There were a lot more very worthwhile recordings but one has to draw the line somewhere…

thegoldenringAudio recordings – In the CD category we have some Barbara Hannigan, new Canadian art song, reimagining of old myths, and two historical milestones.  Barbara makes the list with music by Hans Andriessen; let me tell you, and (with friends) music from early 20th century Vienna; Sehnsucht.  The Canadian art song is Jeffrey Ryan’s Found Frozen which includes his brilliant Emily Carr songs.  James Kallenbach’s Antigone looks at parallels between Sophocles’ heroine and the White Rose movement while Anthony Brandt and Neena Beeber’s Kassandra transfers the unfortunate prophetess to the world of Artificial Intelligence.  The first milestone is in the history of the genre of opera.  It’s Meyerbeer’s Robert le Diable which in. many ways defined the grand opera as it emerged n mid 19th century Paris.  The second milestone is a huge one in the history of recording opera.  It’s the first taster of the new, rather remarkable, restoration of Georg Solti’s recording of Wagner’s Ring.  This recording is the one that got sixteen year old schoolboy me excited about opera, an experience I share with Sir Donald Runnicles!
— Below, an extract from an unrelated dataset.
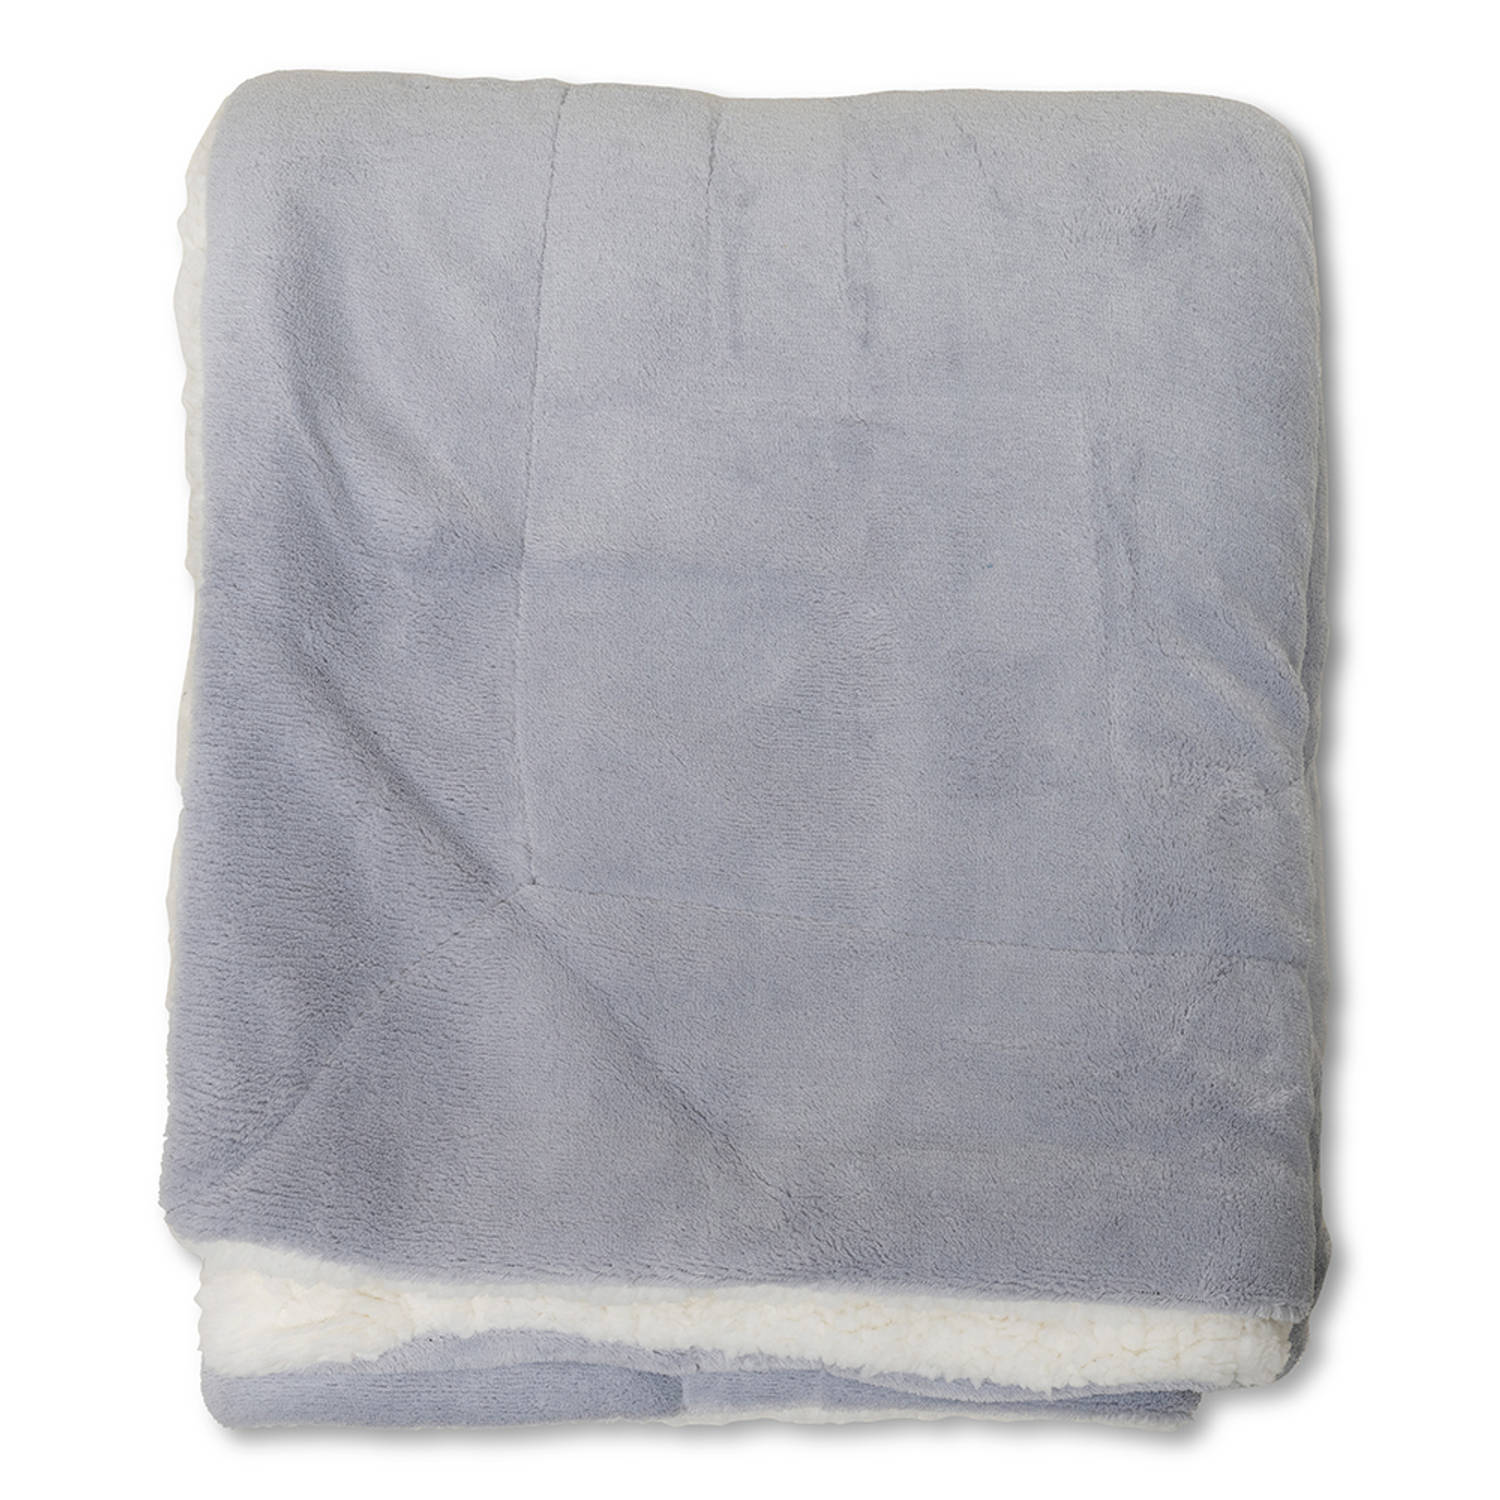 Wicotex-Plaid-deken-fleece plaid Espoo grijs 150x200cm met witte sherpa binnenkant-Zacht en warme Fl

ruckus_smSpecial lunchtime achievement award – The special lunchtime achievement award goes to Opera Revue.  Actually most of their show’s are a bit later than lunchtime but whatever.  Dani Friesen, Claire Harris, Alex Hajek and assorted friends were one of the first of the smaller groups to go live again, bringing opera and awful sweaters to dubious venues around the city and even managing a rather indescribable gala back in November.  If you haven’t tried one of their shows and you aren’t averse to slumming it a bit give them a go.

So that’s pretty much a wrap on 2022.  It was an odd year.  Conservatism prevailed, to a large extent and cerrtainly at the COC and the TSIO, in programming but it didn’t result in full houses.  The most successful shows tended to be the bolder ones.  The smaller companies are still largely missing from the Toronto scene.  .  What excitement there was came from the “middle ground” like Tapestry who had a really strong year and Soundstreams who also had a pretty good year.  I don’t know what the future holds for the smaller companies.  Costs have got silly, we pretty much missed a generation of students looking for performance opportunities and a lot of creative people have fled the cost of Toronto; none of which helped.  It will be interesting to see what 2023 brings.